Баня – землянка, как и дом, только меньше. Земляной пол застлан соломой, как и лавка в углу, сбоку – печь-каменка, посреди – бадьи с водой. Елица хватает щипцами раскаленный камень, бросает в бадью. Вода бурлит, испуская пар. Елица пробует ее рукой, удовлетворенно кивает. После чего обливает меня из ковша и натирает белой глиной. Она делает это бережно, ласково. Когда приходит черед промежности, руки Елицы становятся и вовсе нежными. Она не трет, а гладит. Мне приятно и немножко стыдно. Краснею. Она смотрит улыбаясь. В бане крохотное окошко, внутри – полумрак, улыбка Елицы какая-то странная.
– Отрок, совсем еще отрок, – бормочет она.
С меня смывают глину – ласково и бережно.
– Теперь ты меня! – просит Елица.
Тру, раз велено. Спина хозяйки широкая и сильная, бедра крепкие. Елица поворачивается лицом. Я замираю: думал, что спереди она будет сама. Елица ждет. У нее большие, отвисшие груди и заметный, округлый животик. Внизу живота – курчавая поросль.

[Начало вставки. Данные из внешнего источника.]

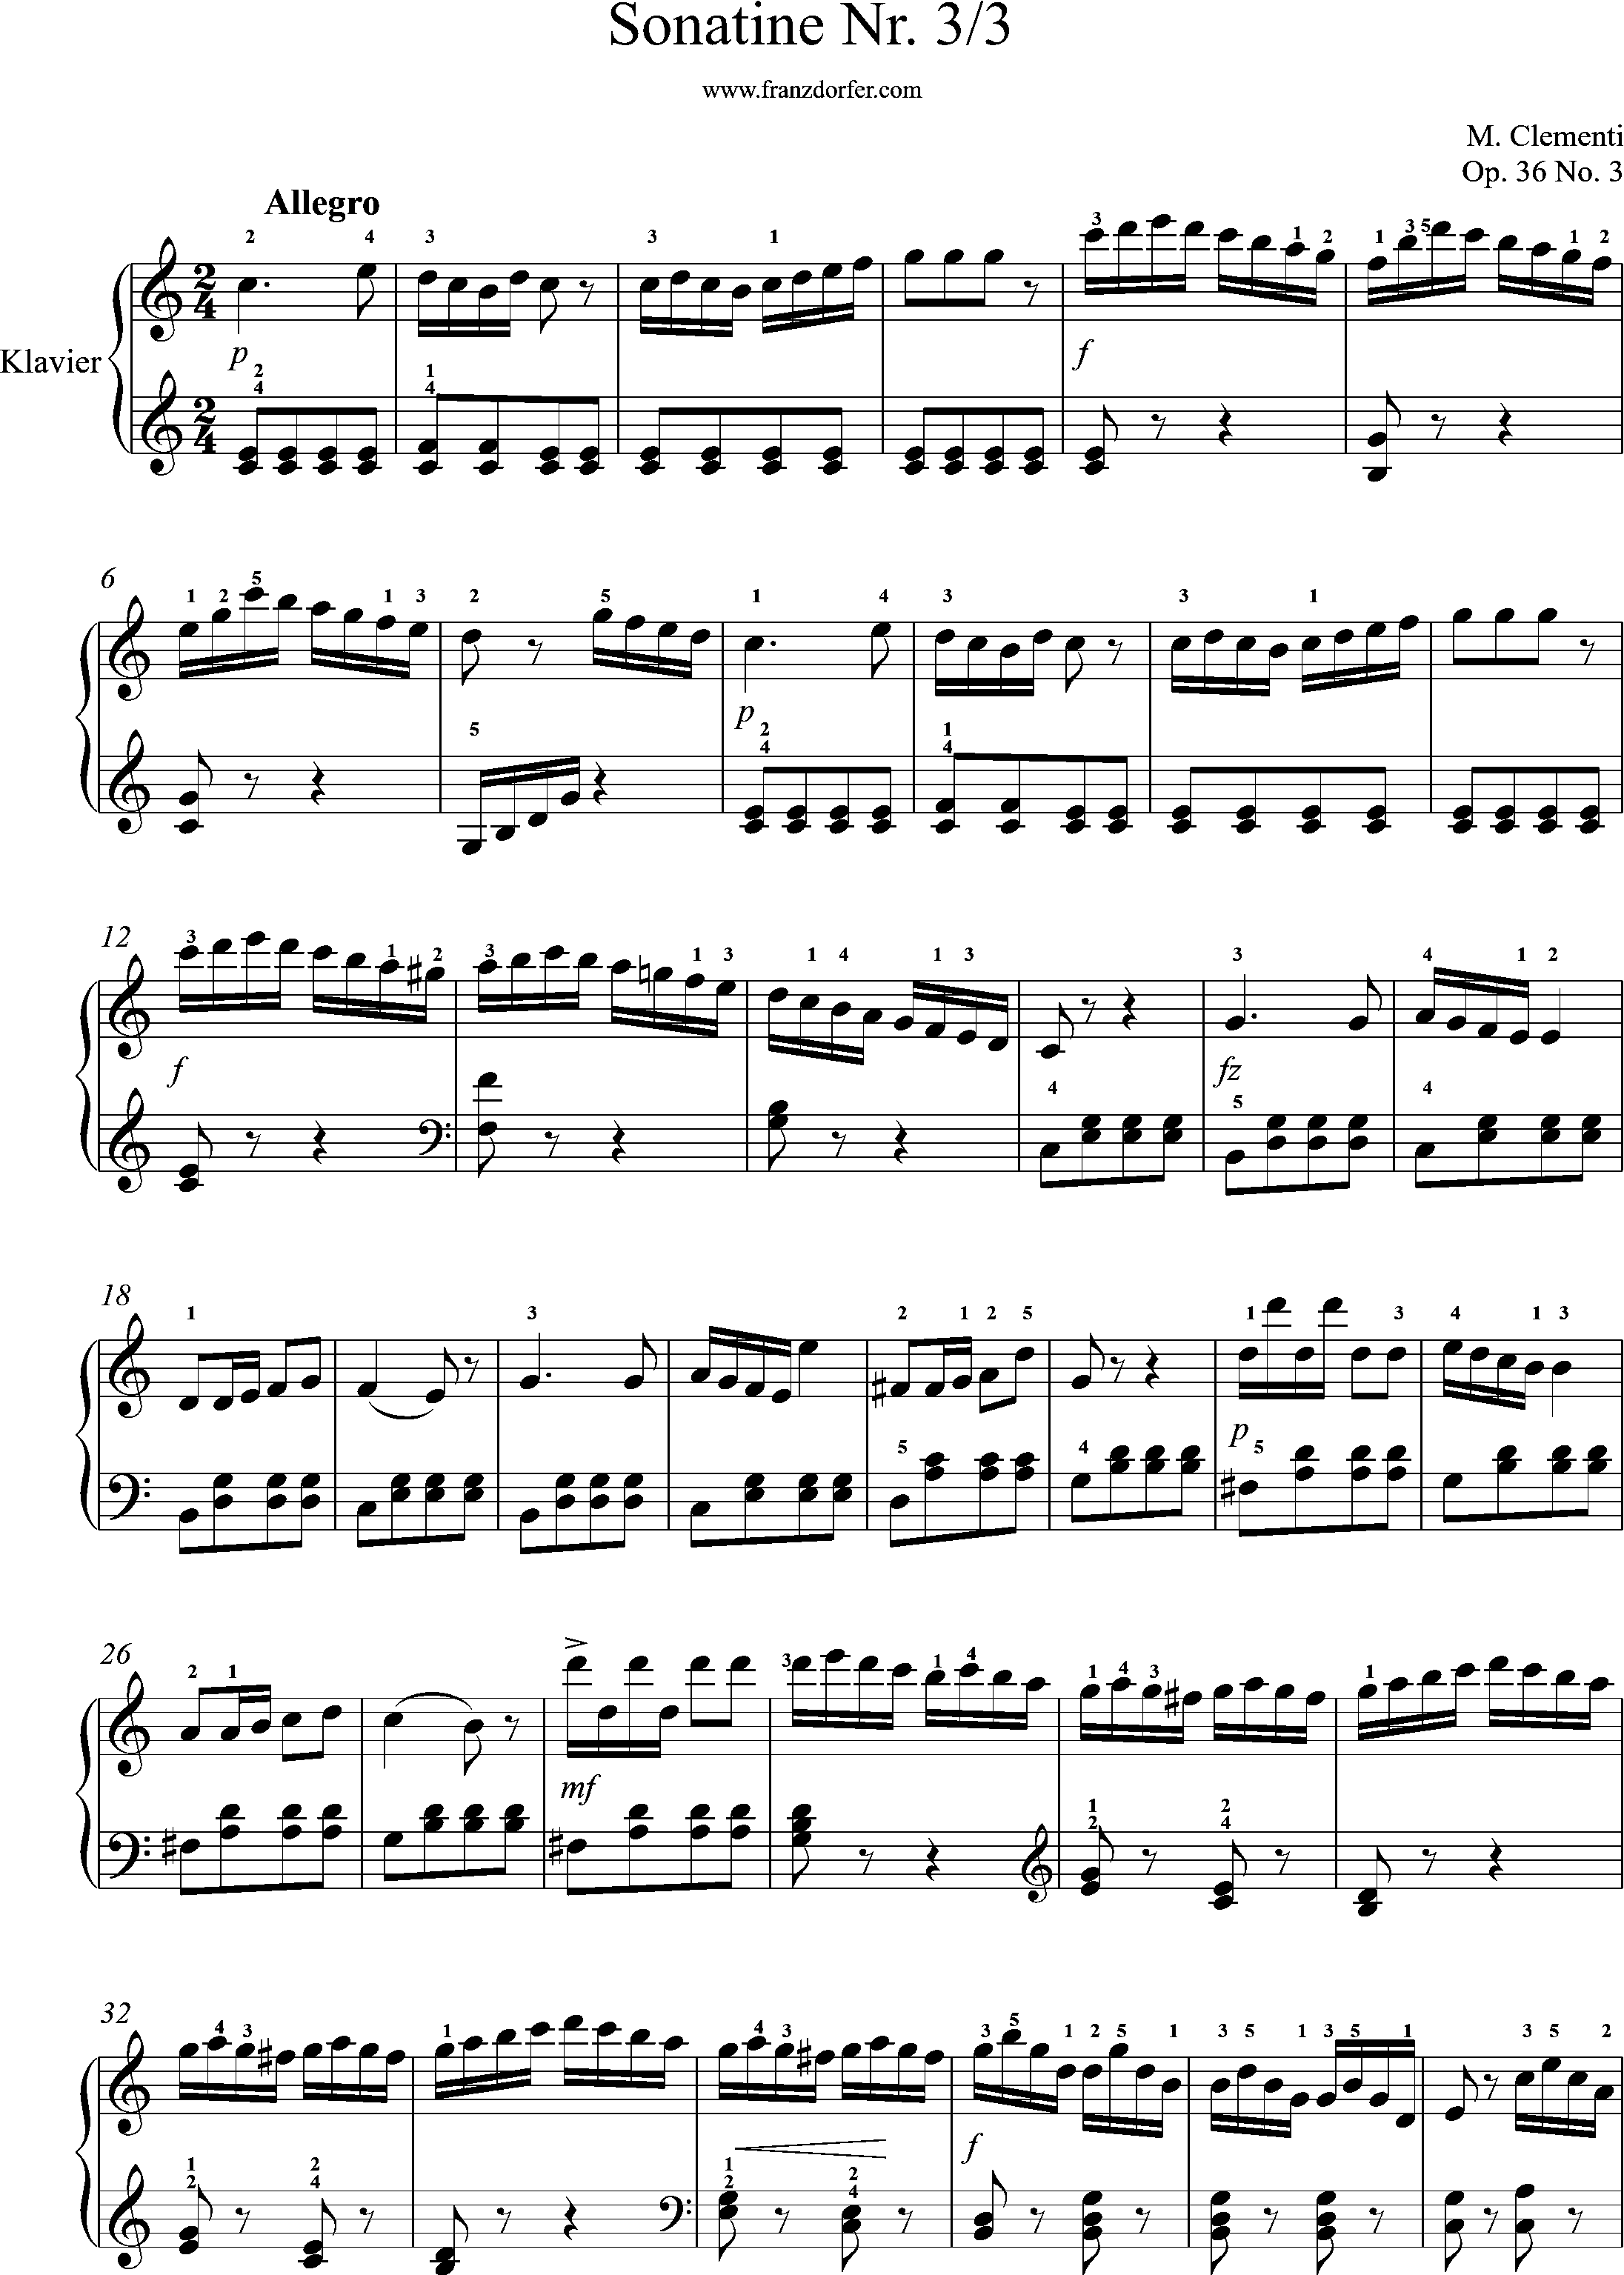 Clementi, Sonatine Nr. 3, 3. Satz - Allegro Seite 1

– Что ж ты оробел? – шепчет она.
Зачерпываю ладонью глину из бадейки. Мажу густо, не жалея. Руки, груди, живот… Ладонь доходит до курчавых волос и замирает. Елица торопливо накрывает ее своей и начинает энергично двигать. Глаза ее закрыты, с губ срывается легкий стон. Мне становится не по себе, я выдергиваю руку. Елица вздыхает и довершает мытье сама.

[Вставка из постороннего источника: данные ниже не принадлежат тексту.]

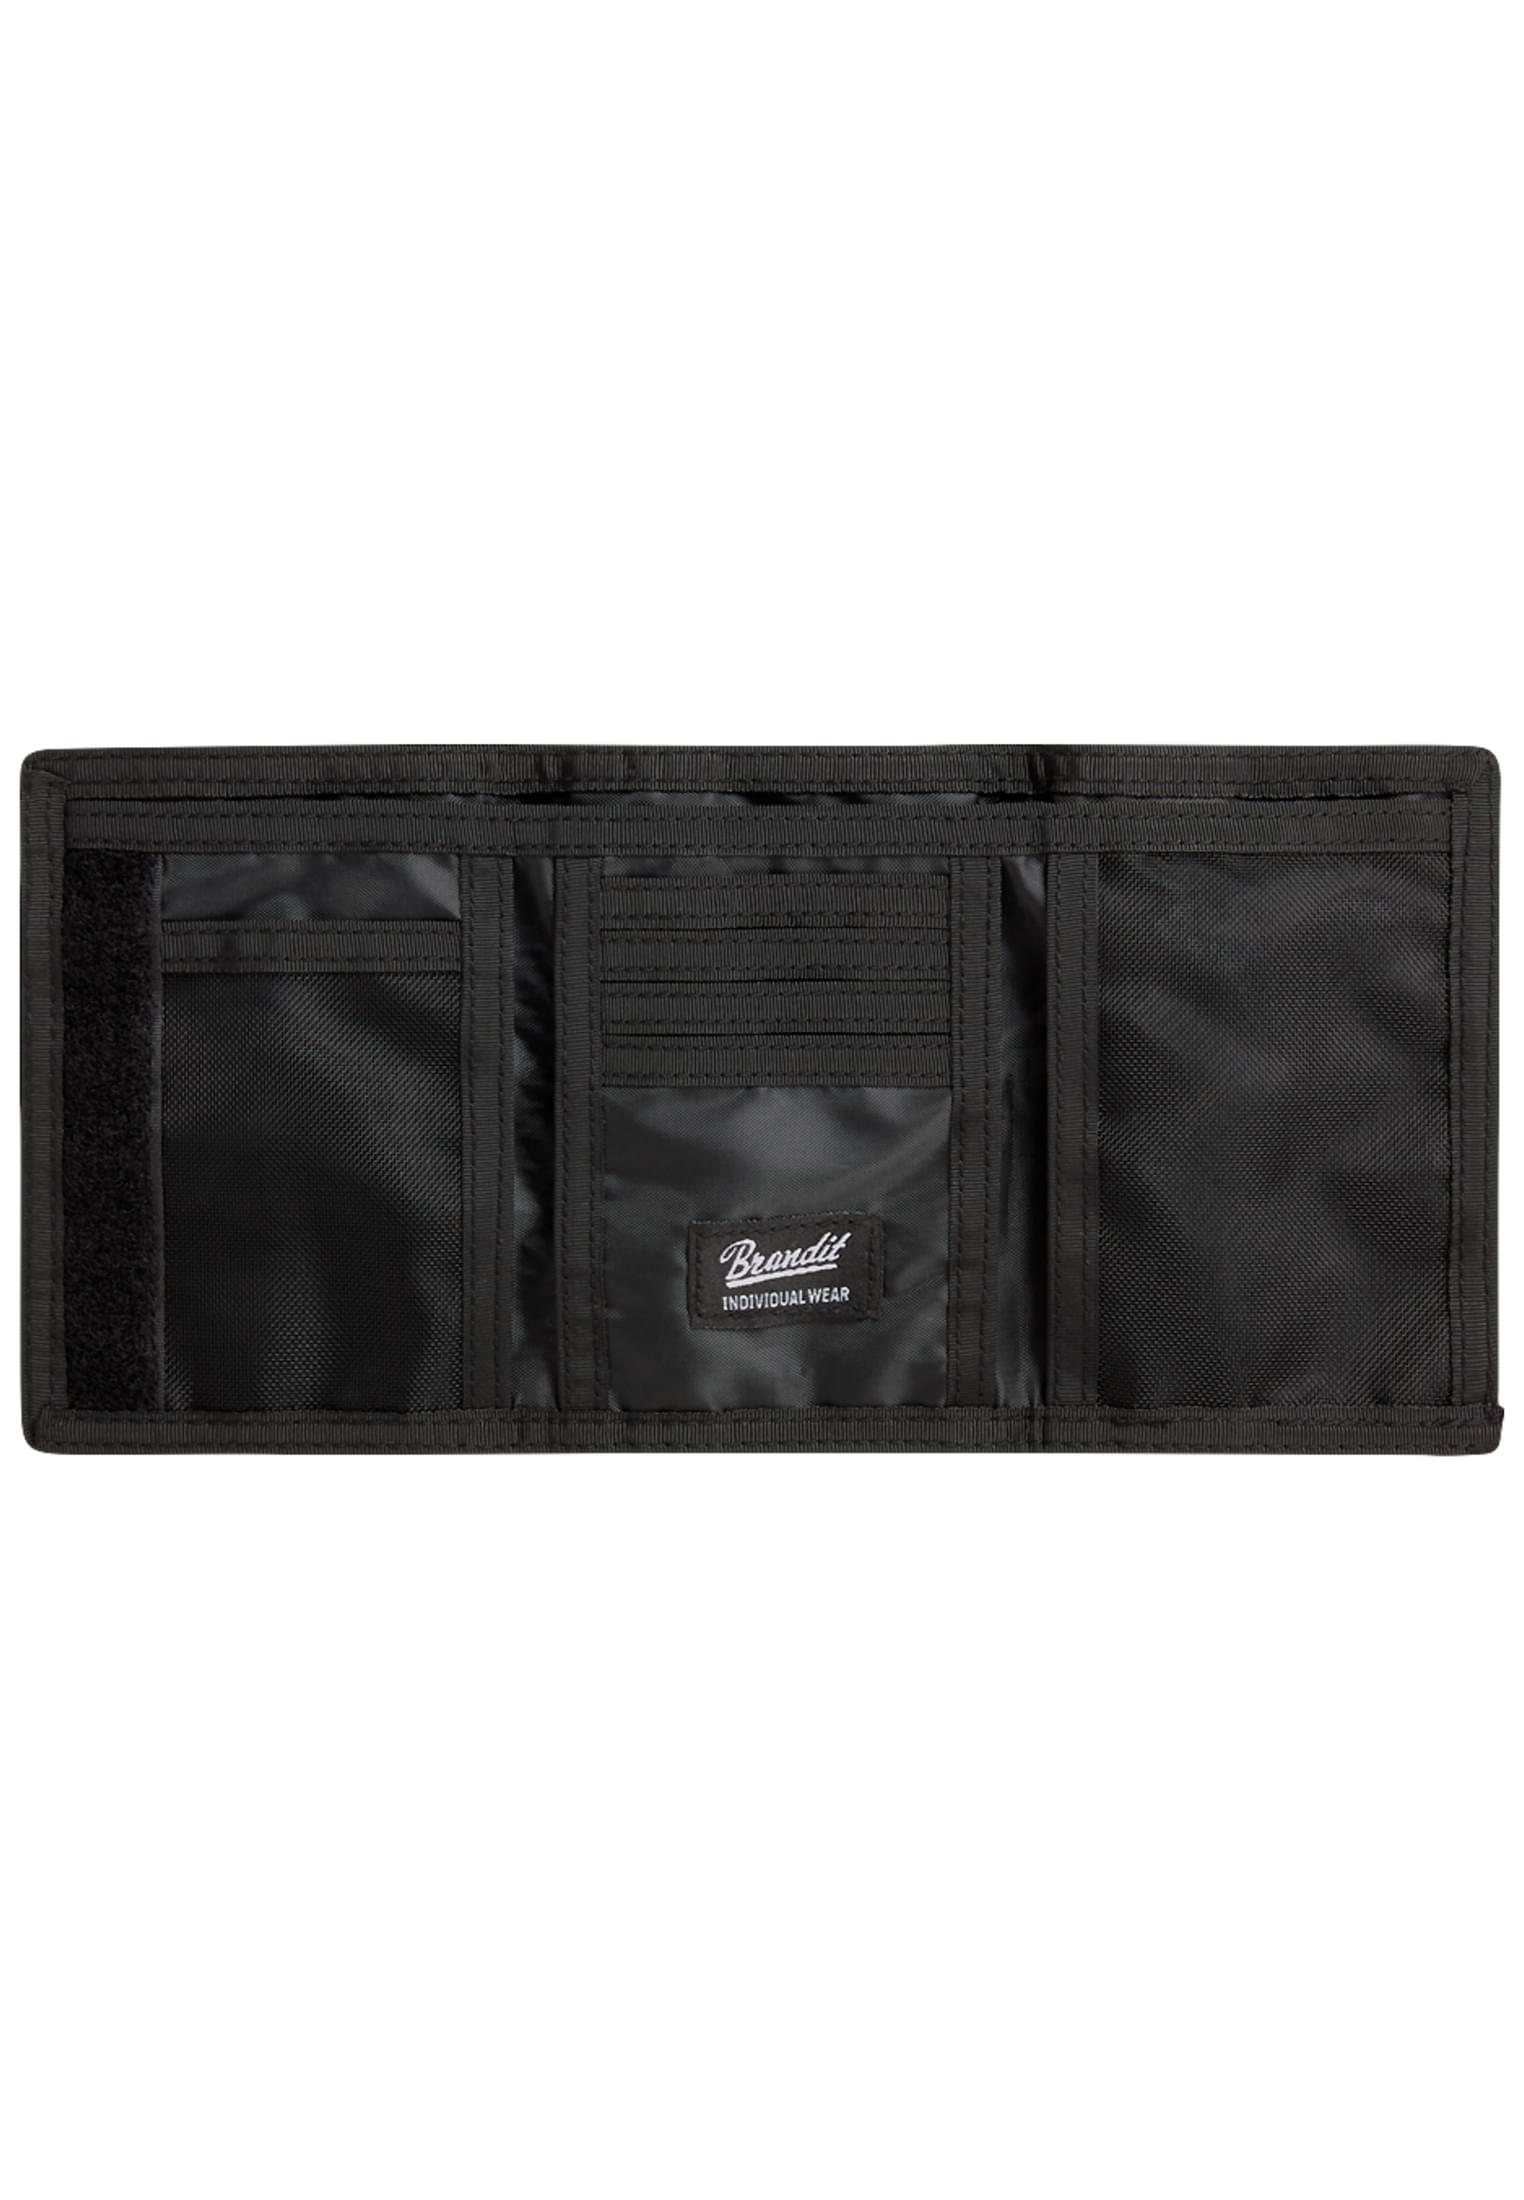 Taschen Wallet Three in Farbe black

Чистые, в свежих рубашках идем в дом. Елица тащит из печи горшок со щами. Капуста еще не вызрела, щи из щавеля. Они заправлены порубленным, сваренным вкрутую яйцом и вершками. Вкусно! Хлебаем, по очереди зачерпывая ложками из горшка. Скоро они скребут дно – поужинали.
Елица взбивает на полатях сенник, покрывает его чистым рядном. Ложимся. Она пристраивается рядом, прижимается плечом и бедром. Я лежу тихо. Виденное в бане не дает мне уснуть. Сладкие, смутные желания обуревают меня. В детдоме мальчики делали это с девочками, да и в коллекторе я это видел, но сам не участвовал – стеснялся. В бане мне было приятно, хочется испытать вновь. Мне боязно, во рту пересохло, но желание сильнее. Елица рядом ровно дышит. Спит? Я тихонько, она не почувствует… Осторожно двигаю рукой. Рубашка ее задралась, бедро гладкое и горячее. Рука моя скользит по нему и замирает в густых волосах. Елица перестает дышать. Пытаюсь убрать руку, но широкая, сильная ладонь накрывает ее. Ласково, но сильно показывает, куда двигаться. Пальцы мои ощущают мягкое и нежное, постепенно там становится скользко и влажно. Мне необыкновенно приятно. Я будто во сне, и сон этот волшебный.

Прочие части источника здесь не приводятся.